These two curl commands create Kafka Connect connectors for Debezium to read data from the MySQL source database and write data to the Postgres target database.

Visit this link to view a list of active and running connectors.

Monitor the Number of Records on the Target

To ensure the replication process is working correctly, we will monitor the number of records on the target database using the script below:

 
#!/bin/bash

count=0
start_time=0
while true; do
  output=$(docker compose exec postgres-target bash -c "psql -U \$POSTGRES_USER \$POSTGRES_DB -c 'select count(*) from products'")
  count=$(echo "$output" | sed -n '3p' | awk '{print $1}')
  if [[ $count -gt 1 && $start_time -eq 0 ]]; then
    start_time=$(date +%s)
    echo "Started at"
  fi
  if [[ $count -gt 1000000 ]]; then
    end_time=$(date +%s)
    elapsed_time=$((end_time - start_time))
    echo "Record count exceeded 1000000 after $elapsed_time seconds."
    break
  fi
  echo "$output" | sed -n '3p' | awk '{print $1}'
  sleep 1
done

The script will print the number of records in the target database every second. Once the number of records exceeds 1 million, the script will print the elapsed time and exit.

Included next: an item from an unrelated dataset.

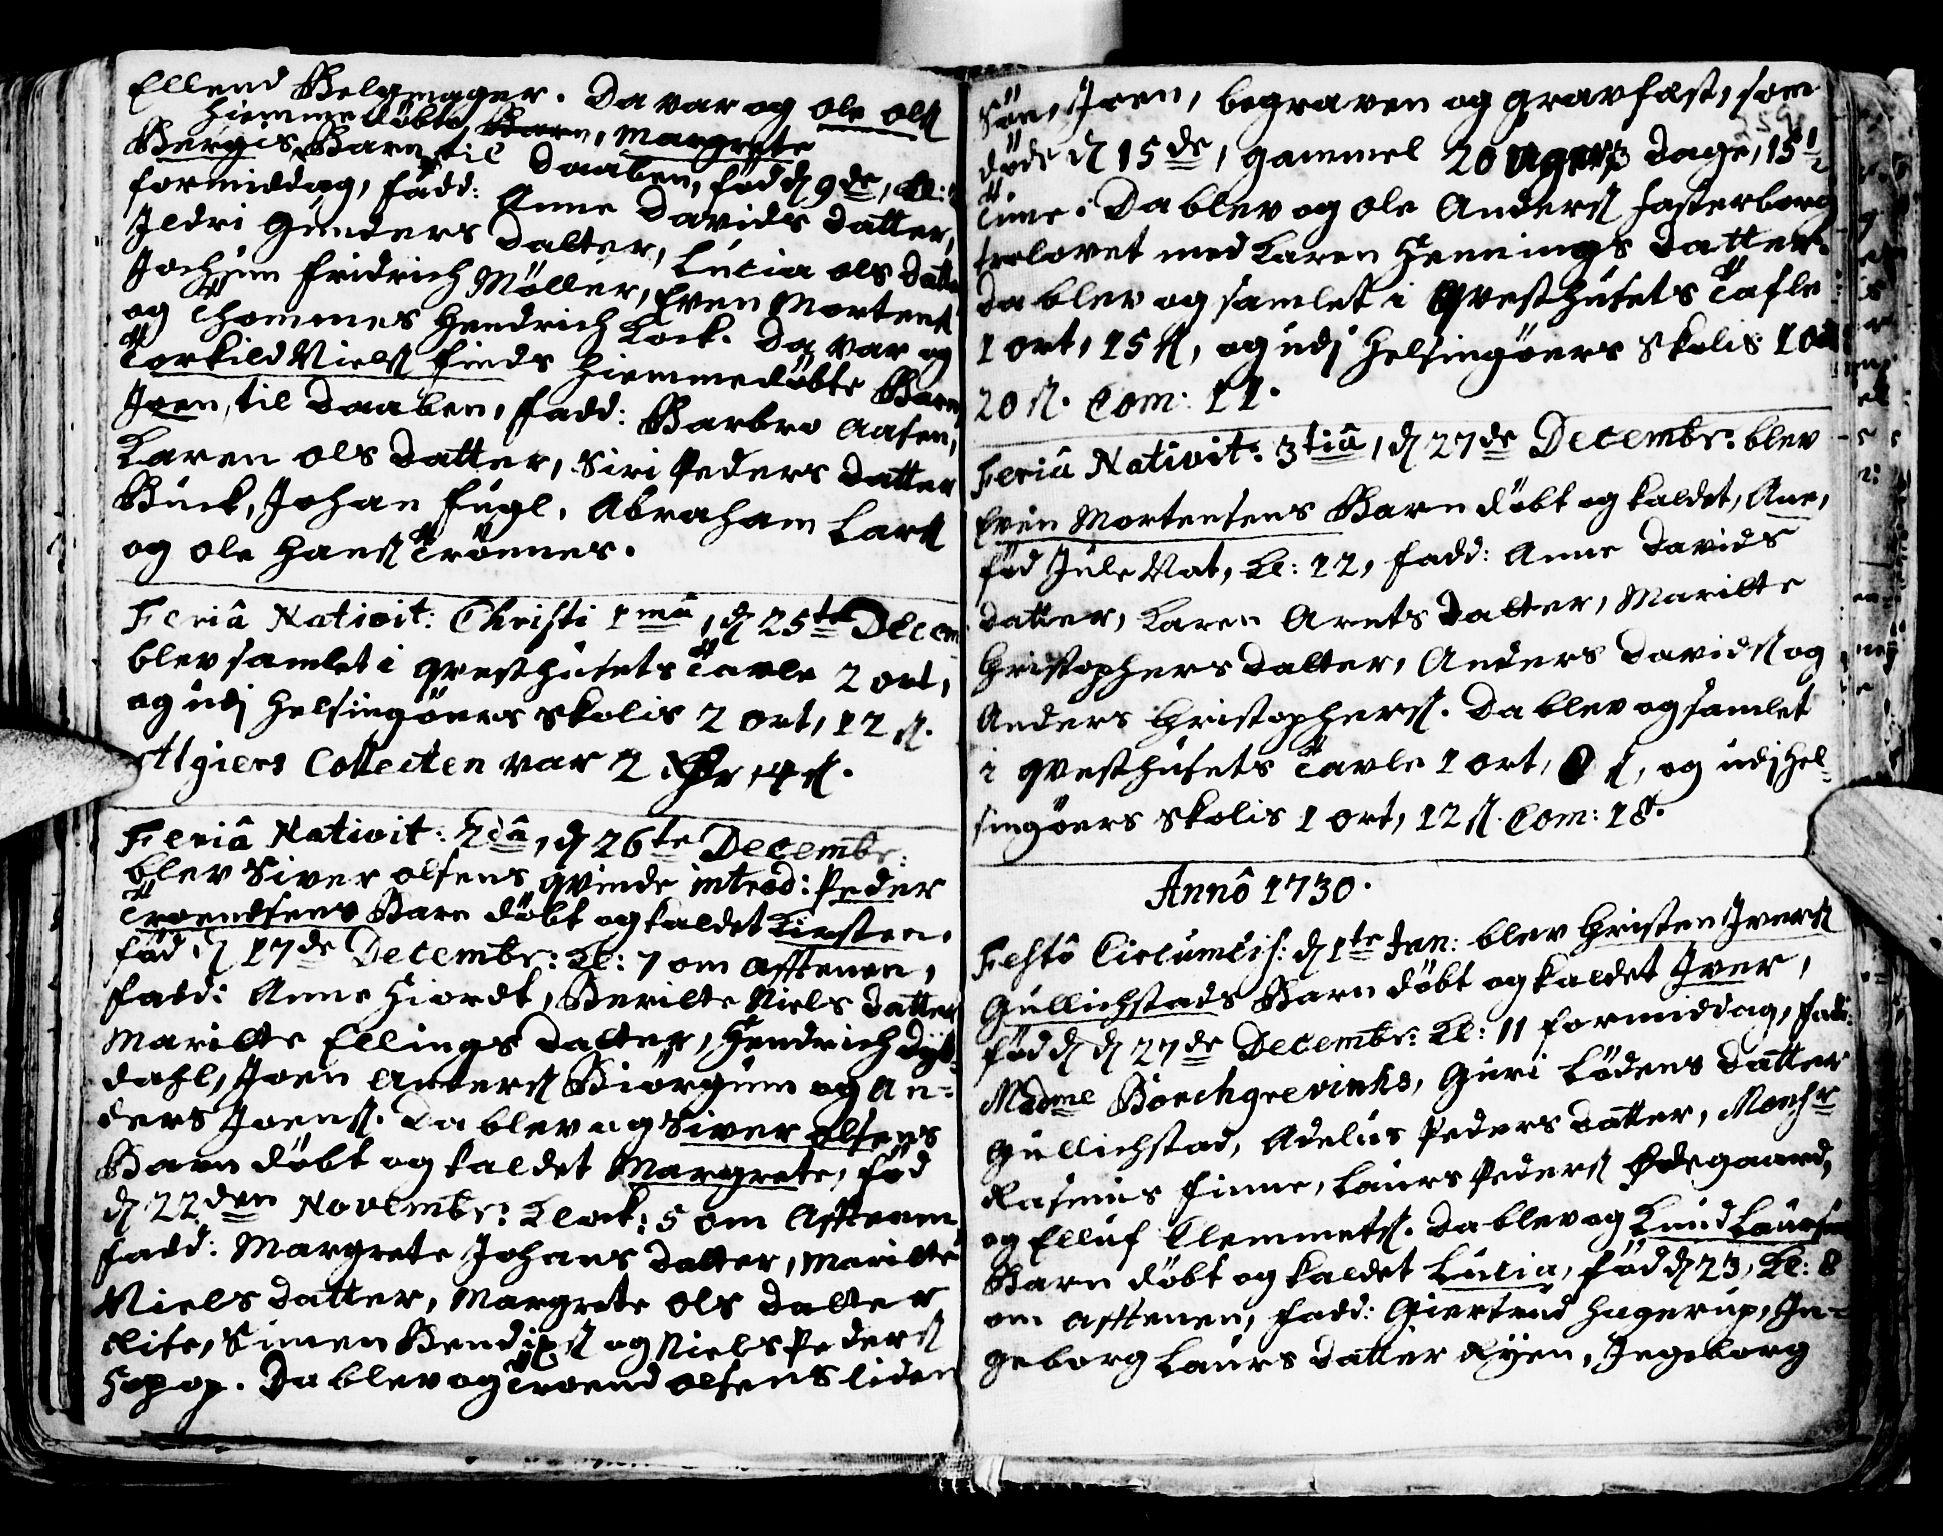 SAT, Ministerialprotokoller, klokkerbøker og fødselsregistre - Sør-Trøndelag, 681/L0924: Ministerialbok nr. 681A02, 1720-1731, s. 258-259

In the next terminal run the following commands:

 
 export DEBEZIUM_VERSION=2.0 
 ./count.sh
 


Populate the Source Table With Sample Data

To execute the SQL script that populates the source table with sample data, you can run the following commands in the first terminal:

 
docker compose exec -it \
    mysql-source \
    mysql -u root -p123456 -D source
   


In the MySQL prompt, execute the following command:

 
INSERT INTO products (name, price, weight)
SELECT
  CONCAT('Product', number) AS name,
  ROUND(RAND() * 100, 2) AS price,
  RAND() * 10 AS weight
FROM
  (SELECT @row := @row + 1 AS number FROM
    (SELECT 1 UNION SELECT 2 UNION SELECT 3 UNION SELECT 4 UNION SELECT 5 UNION SELECT 6
     UNION SELECT 7 UNION SELECT 8 UNION SELECT 9 UNION SELECT 10) t1,
    (SELECT 1 UNION SELECT 2 UNION SELECT 3 UNION SELECT 4 UNION SELECT 5 UNION SELECT 6
     UNION SELECT 7 UNION SELECT 8 UNION SELECT 9 UNION SELECT 10) t2,
    (SELECT 1 UNION SELECT 2 UNION SELECT 3 UNION SELECT 4 UNION SELECT 5 UNION SELECT 6
     UNION SELECT 7 UNION SELECT 8 UNION SELECT 9 UNION SELECT 10) t3,
    (SELECT 1 UNION SELECT 2 UNION SELECT 3 UNION SELECT 4 UNION SELECT 5 UNION SELECT 6
     UNION SELECT 7 UNION SELECT 8 UNION SELECT 9 UNION SELECT 10) t4,
    (SELECT 1 UNION SELECT 2 UNION SELECT 3 UNION SELECT 4 UNION SELECT 5 UNION SELECT 6
     UNION SELECT 7 UNION SELECT 8 UNION SELECT 9 UNION SELECT 10) t5,
    (SELECT 1 UNION SELECT 2 UNION SELECT 3 UNION SELECT 4 UNION SELECT 5 UNION SELECT 6
     UNION SELECT 7 UNION SELECT 8 UNION SELECT 9 UNION SELECT 10) t6,
    (SELECT @row := 0) r
  ) numbers
LIMIT 1000000;


This command will insert 1 million rows of random data into a table named products.

Results

Once the operation is completed, you will see something like this in the terminal where the count.sh script is running:

 
....
942882
960702
977532
995352
Record count exceeded 1000000 after 96 seconds.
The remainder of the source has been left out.